In management's opinion, the unaudited condensed consolidated financial
statements include all adjustments necessary for a fair presentation of the
Company's consolidated financial position at March 31, 1997, the consolidated
results of its operations for the three-month periods ended March 31, 1997 and
1996, and its consolidated cash flows for the three-month periods ended March
31, 1997 and 1996. All such adjustments are of a normal recurring nature.
Interim results are not necessarily indicative of results for a full year.
PRINCIPLES OF CONSOLIDATION
The consolidated financial statements of the Company include the
accounts of Tanknology Environmental, Inc. and its wholly owned subsidiaries.
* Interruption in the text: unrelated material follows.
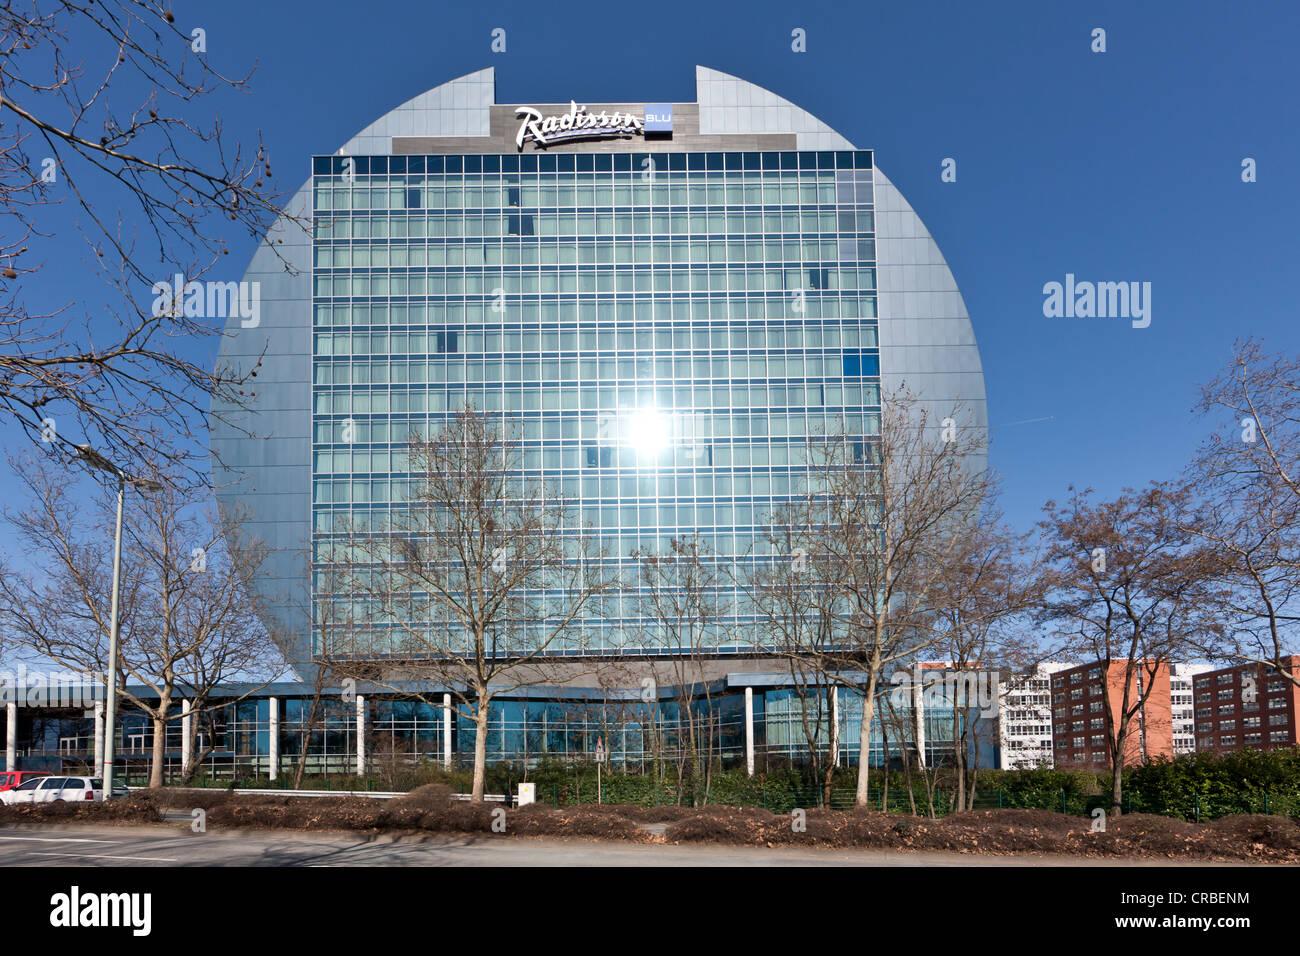 Radisson Blu Hotel, Frankfurt, Hesse, Germany, Europe - Stock Image

All material intercompany transactions and balances have been eliminated in
consolidation. Prior year amounts in the condensed consolidated statement of
operations and related notes thereto have been reclassified to reflect the
Company's discontinued operations consisting of Mankoff, Inc. ("Mankoff"),
Engineered Systems, Inc. ("ESI"), Tanknology Corporation International ("TCI"),
Tanknology Canada (1988), Inc., ("TCS"), and USTMAN Industries, Inc. ("USTMAN"),
as discussed in Note 2. All amounts related to the statement of operations are
from continuing operations unless otherwise indicated.
The Company is a holding company whose only current continuing business
is wastewater processing and waste oil recycling in the Central Eastern United
States. The Company's discontinued subsidiary, ESI, develops and manufactures
automated fuel systems and related products principally for large international
oil companies.
SHORT-TERM INVESTMENTS
Short-term investments are those with maturities greater than three
months when purchased.
The Company has classified all short-term investments as
available-for-sale. When purchased, securities are recorded at cost and adjusted
for unrealized holding gains and losses due to market fluctuations. Gains and
losses are recorded upon the sales of short-term investments based upon the
specific identification method. Unrealized gains and losses were not material
for any period presented.
INCOME TAXES
The Company utilizes the liability method for deferred income taxes. The
liability approach requires recognition of deferred tax assets and liabilities
for the expected future tax consequences of events recognized in the Company's
financial statements or tax returns. All expected future events other than
changes in the law or tax rates, are considered in estimating future tax
consequences.
The provision for income taxes includes federal, state, and local income
taxes currently payable and those deferred because of temporary differences
between the financial statements and tax bases of assets and liabilities.
6
<PAGE>
TANKNOLOGY ENVIRONMENTAL, INC. AND SUBSIDIARIES
NOTES TO CONDENSED CONSOLIDATED FINANCIAL STATEMENTS, CONTINUED
EARNINGS PER COMMON SHARE
Primary earnings per share is based on the weighted average number of
shares outstanding during the period after consideration of the dilutive effect
of stock options or warrants reflected under the treasury stock method. Fully
diluted earnings per share are not presented because such amounts would be the
same as amounts computed for primary earnings per share.
NEW ACCOUNTING STANDARDS
The Financial Accounting Standards Board issued Statement of Financial
Accounting Standards No. 128, entitled "EARNINGS PER SHARE" ("SFAS No. 128"), in
1997. The Company is required to adopt the provisions of SFAS No. 128 for its
year ended December 31, 1997. Initial adoption of this standard is not expected
to have a material impact on the Company's financial statements.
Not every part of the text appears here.